Re: List::MoreUtils before, after and ... between?
by LanX (Saint) on Feb 21, 2012 at 16:15 UTC
    Not sure if I understand your problem completely, why not simply combining grep and flip-flop?

    This should be close:

    DB<134> @list= ("a".."c","DBIC","A".."C","DANCER","a".."c") => ("a", "b", "c", "DBIC", "A", "B", "C", "DANCER", "a", "b", "c") DB<135> grep { /DBIC/.. /DANCER/ } @list => ("DBIC", "A", "B", "C", "DANCER")

    Cheers Rolf

      That's not the requested output.
        ...This should be close..

        UPDATE:

        Still not sure what the requested output is, but if it's only about eliminating the edges try

        DB<101> @list= ("a".."c","DBIC","A".."C","DANCER","a".."c") => ("a", "b", "c", "DBIC", "A", "B", "C", "DANCER", "a", "b", "c") DB<102> grep { /DBIC/ .. /DANCER/ and ! /DBIC/ and ! /DANCER/ } @lis +t => ("A", "B", "C")

        not DRY but effective.

Re: List::MoreUtils before, after and ... between?
by tobyink (Canon) on Feb 21, 2012 at 15:04 UTC

    I don't know if this counts as better or worse...

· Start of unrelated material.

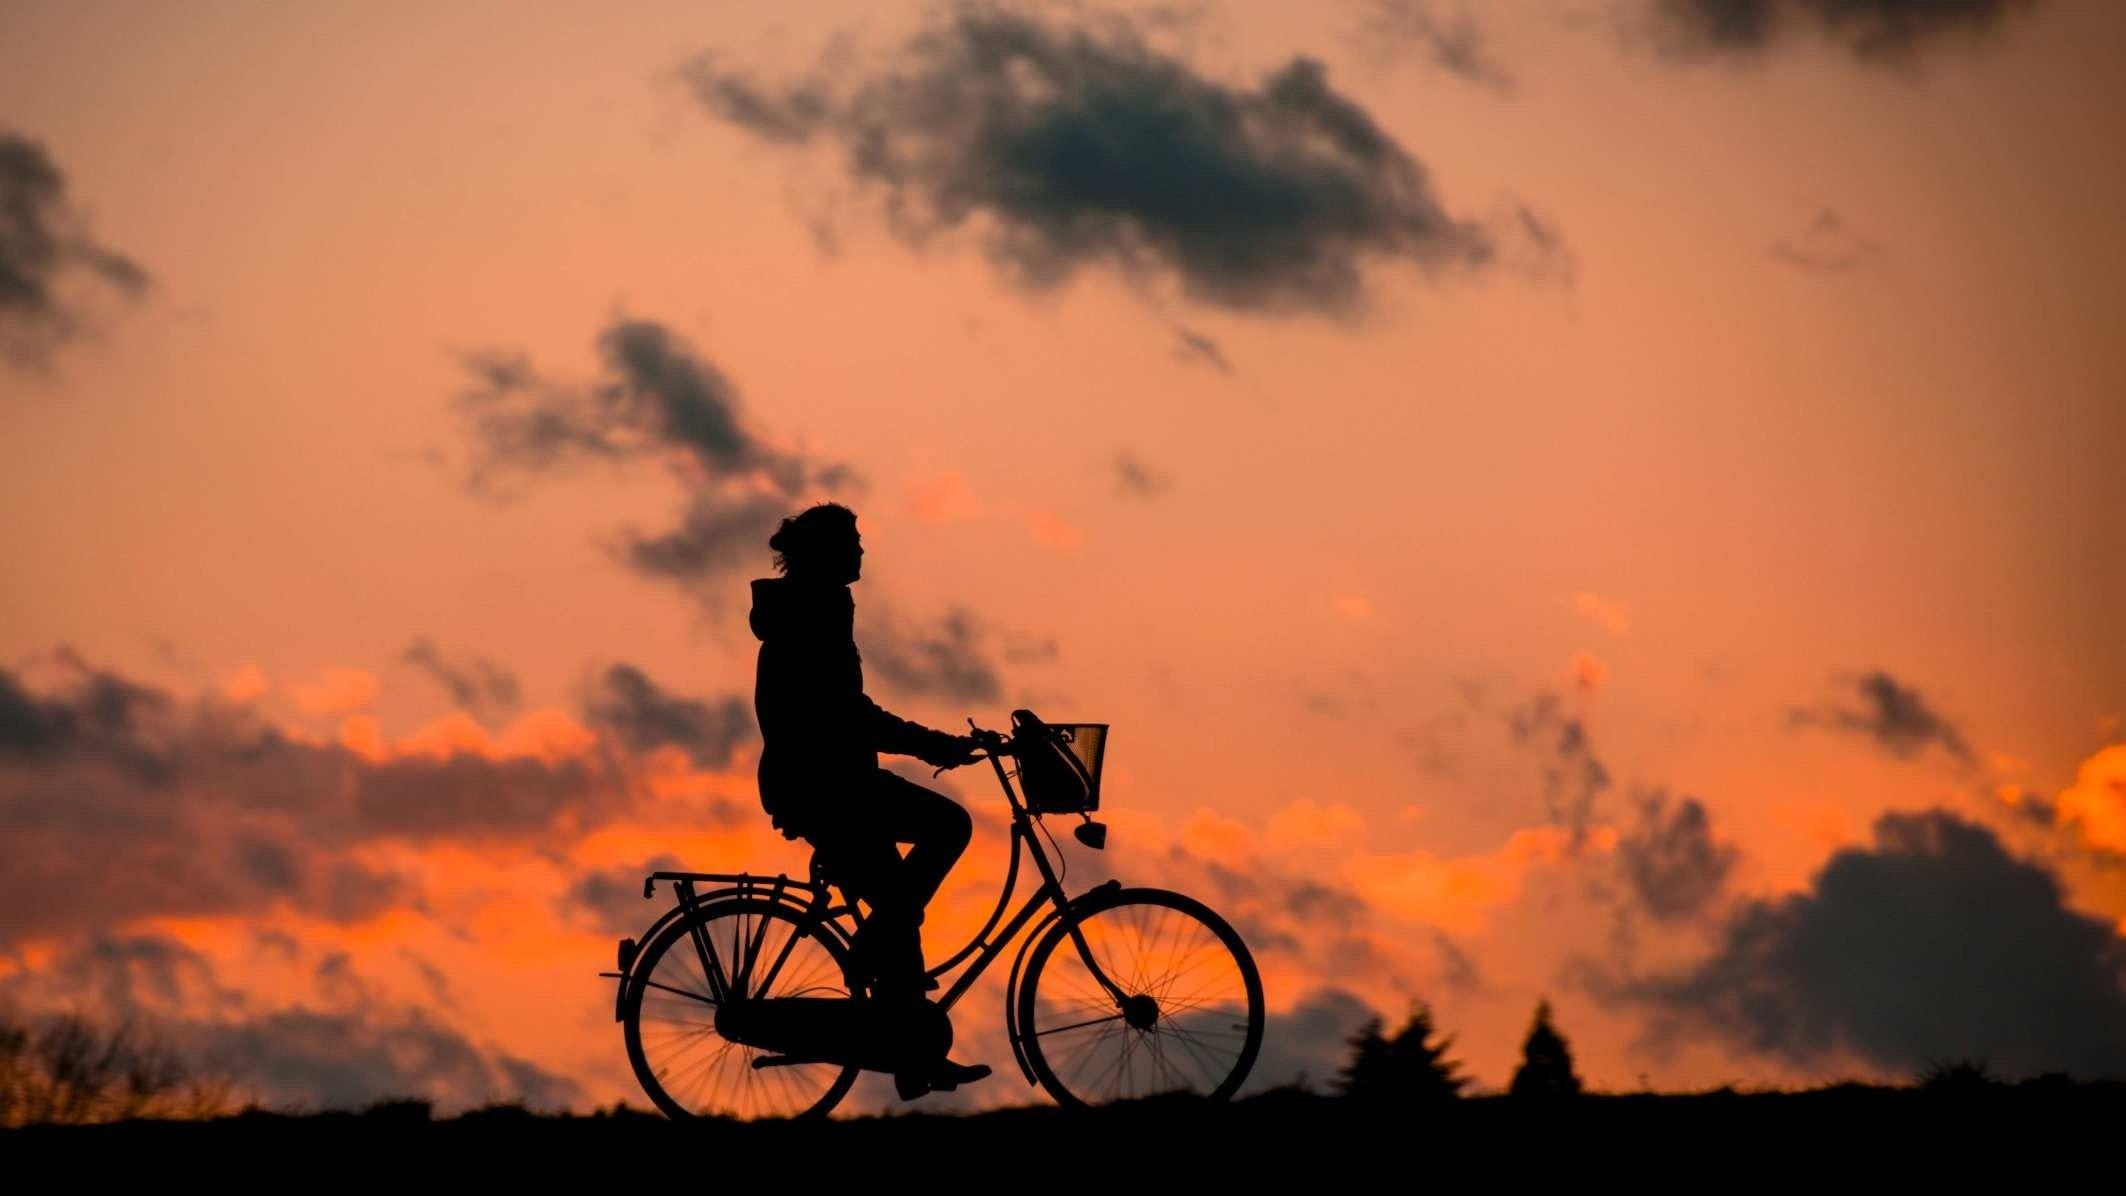 Silueta de hombre en bicicleta al atardecer. Cosas que hacer antes de que haga calor

    @list = qw<eval DBIC::3 DBIC::2 DBIC::1 MyApp::3 MyApp::2 MyApp::1 Da +ncer::3 Dancer::2 Dancer::1>; $begin = 1 + last_index { /^(DBIC|eval)/ } @list; $end = (-1) + first_index { /^Dancer/ } @list; @foo2 = @list[ $begin .. $end ]; say for @foo2;
Re: List::MoreUtils before, after and ... between?
by LanX (Saint) on Feb 21, 2012 at 16:43 UTC
    sometimes I wished we could simply apply regexes to lists (preferably in a layzy functional way) ...

    DB<152> @list= ("a".."c","DBIC","A".."C","DANCER","a".."c") => ("a", "b", "c", "DBIC", "A", "B", "C", "DANCER", "a", "b", "c") DB<153> $list = join "\0", @list => "a\0b\0c\0DBIC\0A\0B\0C\0DANCER\0a\0b\0c" DB<154> ($match)= $list =~ /DBIC\0(.*)\0DANCER/ => "A\0B\0C" DB<155> split /\0/,$match => ("A", "B", "C")

    this will find the longest interval between the first DBIC and the last Dancer and you are free to use more powerful regexes.

    UPDATE: hmm maybe newlines are here a better choice as delimiter.

    Cheers Rolf

      Heh, I like that solution. Note that adding a second 'DBIC' and/or a second 'Dancer' demonstrates flaws in the exact regex you chose. But both of those flaws are easily overcome:

      $list =~ /.*DBIC\0(.*?)\0DANCER/ # ^^ ^

      But perhaps people less comfortable with regexes would like it less...

      - tye        

        And did you think about the edgecase of choosing a wrong delimiter which already appears in the elements? ;)

        FWIW, I'm quite often in a situation where I would prefere to apply regexes on lists, so I started meditating yesterday about a module abstracting the delimiter problem away by locally redefining a special var like $; or $\ for the delimiter and $_ for flattened list.

        something like

        @newlist = flat { s/START$;(.*)$;END/$1/ } @list sub flat (&@) { my ($code,@list) = @_; local ( $;, $_ ) = join_reliably (@list); $code->(); return split $;, $_ }

        untested.

        Cheers Rolf

      This looks great, because the list is generated by splitting a string on newlines in the first place:

      eval { confess }; my @stack = split /\n/, $@;
      The regex becomes a bit more complicated, but that usually also means I'm a bit more certain about what I'm matching.

      Thanks!

Re: List::MoreUtils before, after and ... between?
by ikegami (Patriarch) on Feb 21, 2012 at 23:05 UTC

    Wow, so many complicated solutions! It's actually quite simple:

    1. Find start of opening bound, then
    2. Find start of data, then
    3. Find start of closing bound
    my ($seen_opening, $seen_data, $seen_closing); my @filtered = grep { ($seen_opening ||= /DBIC/) # Find opening bound && ($seen_data ||= !/DBIC/) # Find data && !($seen_closing ||= /Dancer/) # Find closing bound } @list;

    Using the range operator is possible too.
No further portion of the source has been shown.